§ YOUR OBJECTIVE
Before returning the data, strip out the pictures and keep everything else exactly the same.

§ DATA PROVIDED
________________________

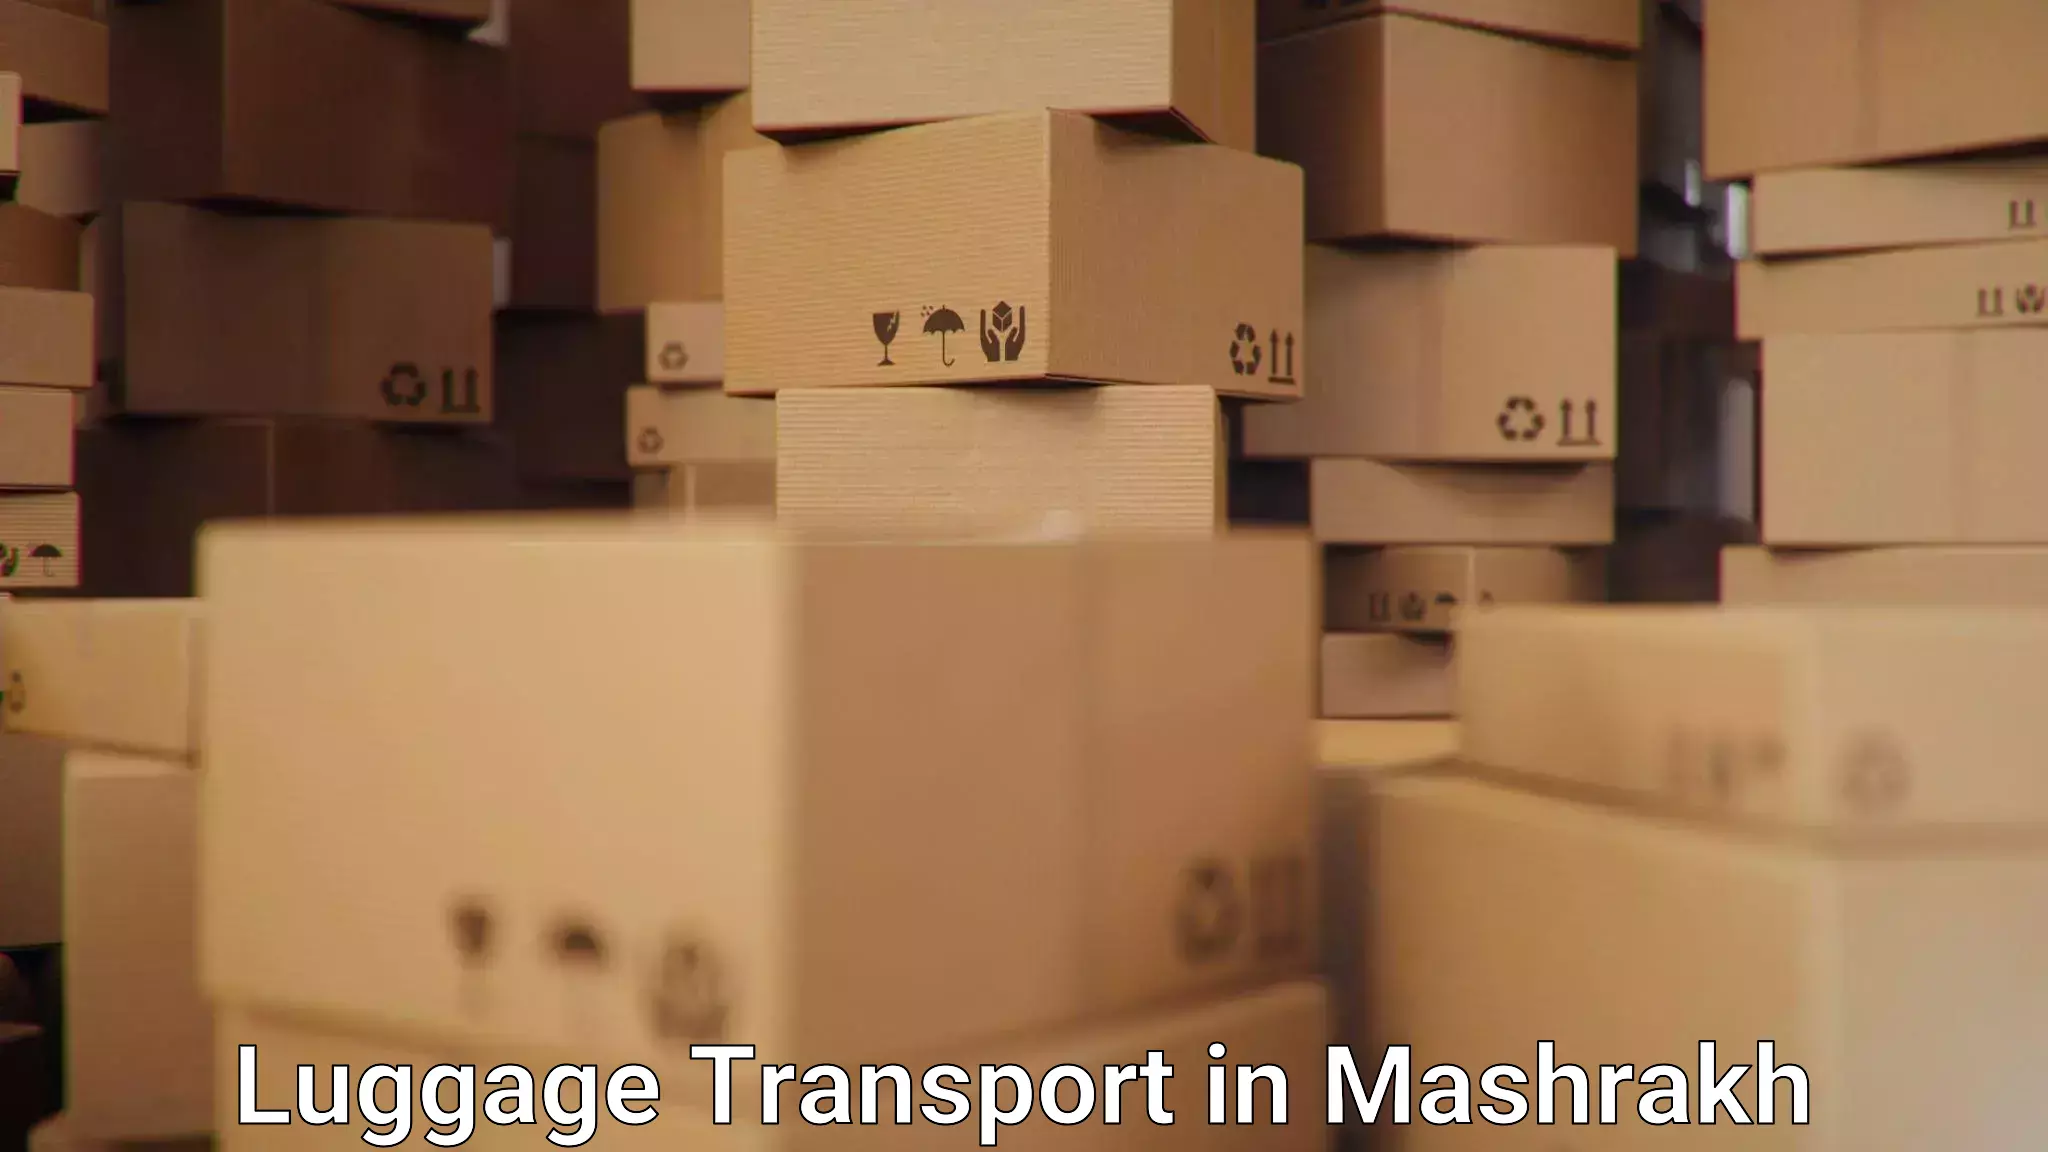 Baggage delivery support in Mashrakh
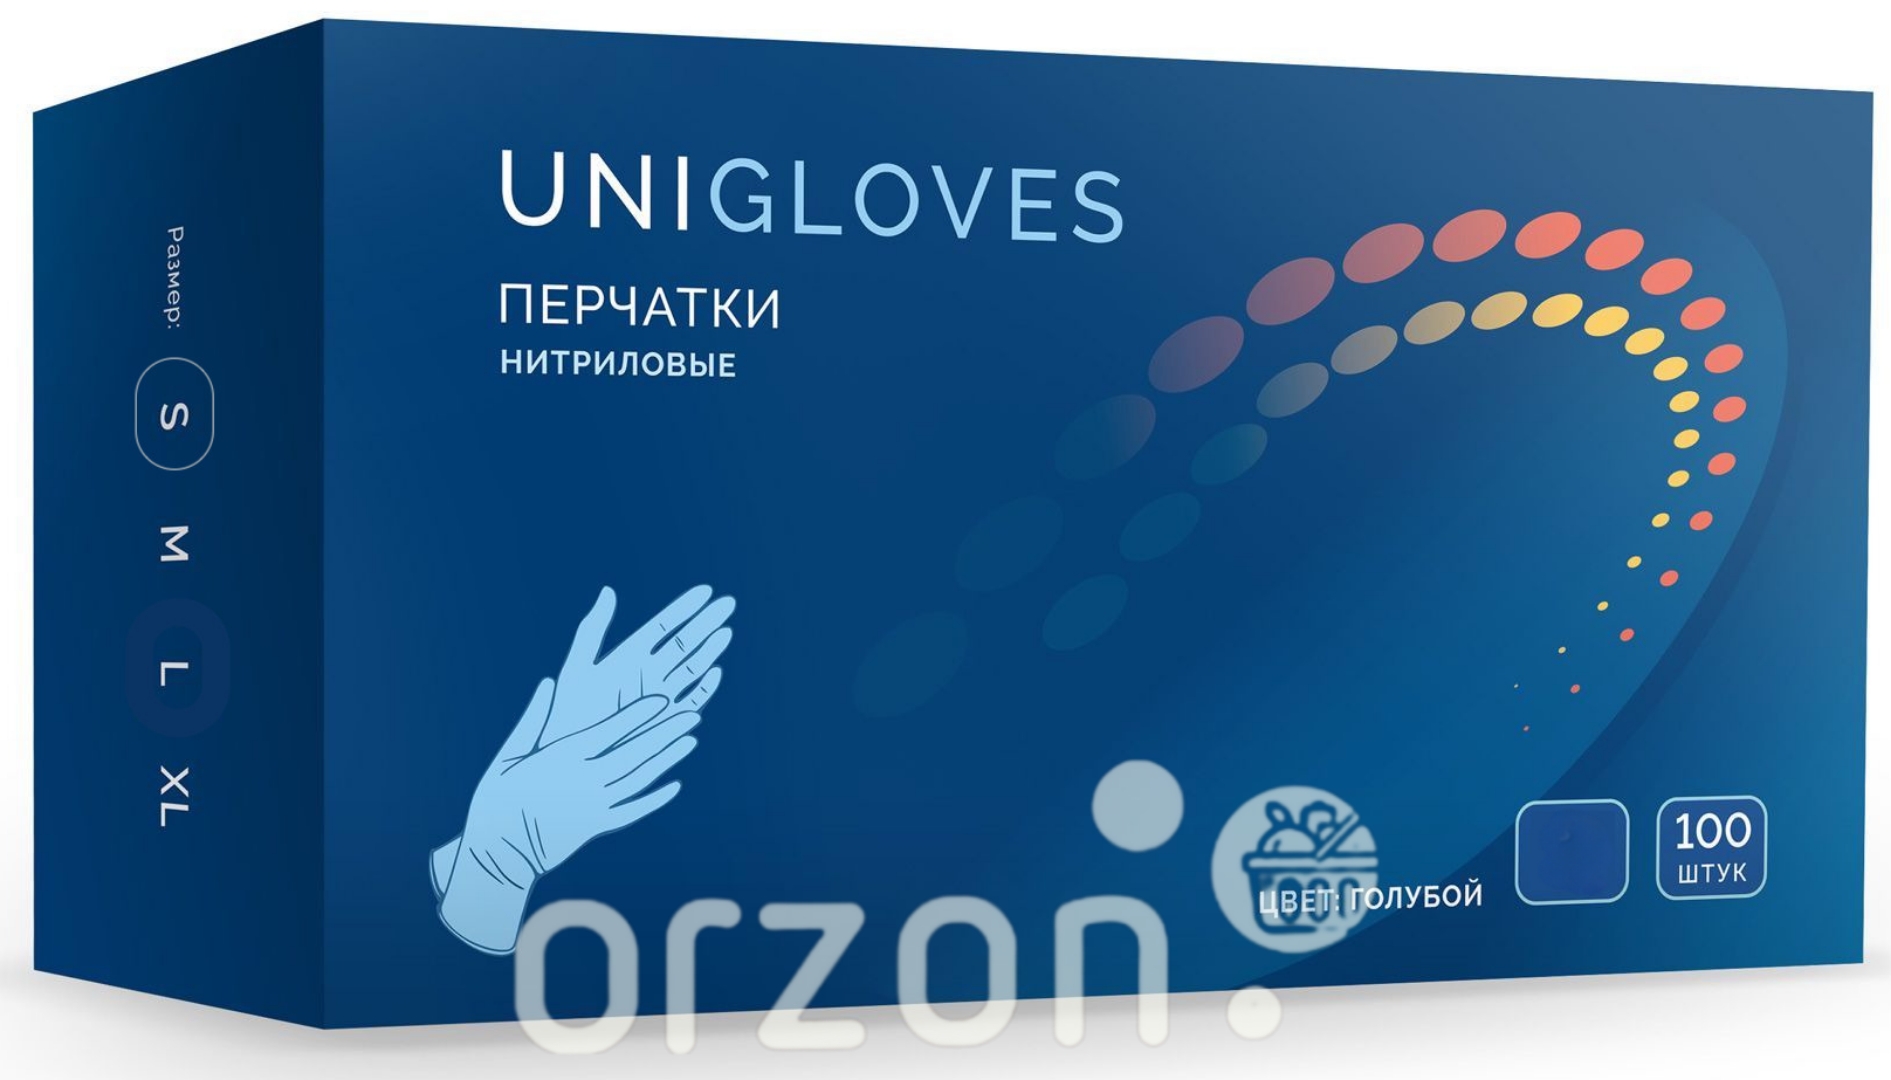 Перчатки одноразовые "UniGloves" Нитриловые  Синие (L) 100 шт
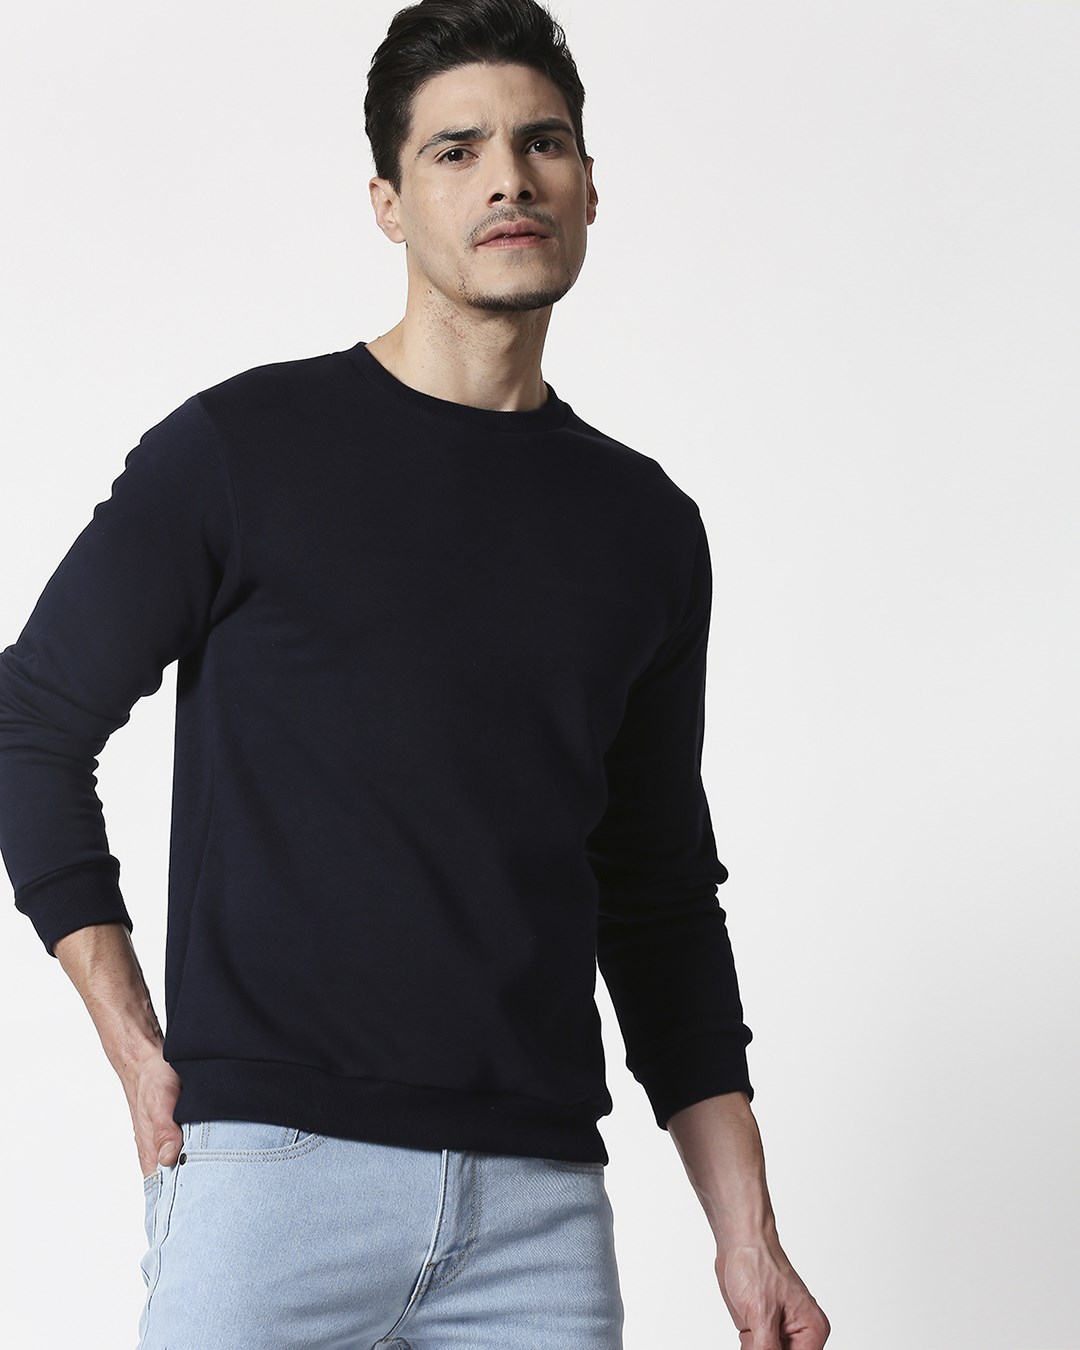 Buy Navy Blue Fleece Sweatshirt for Men blue Online at Bewakoof

________________________

§ PROBLEM SOLUTION
 Baggage delivery support in Mashrakh
 Перчатки одноразовые "UniGloves" Нитриловые  Синие (L) 100 шт
 Buy Navy Blue Fleece Sweatshirt for Men blue Online at Bewakoof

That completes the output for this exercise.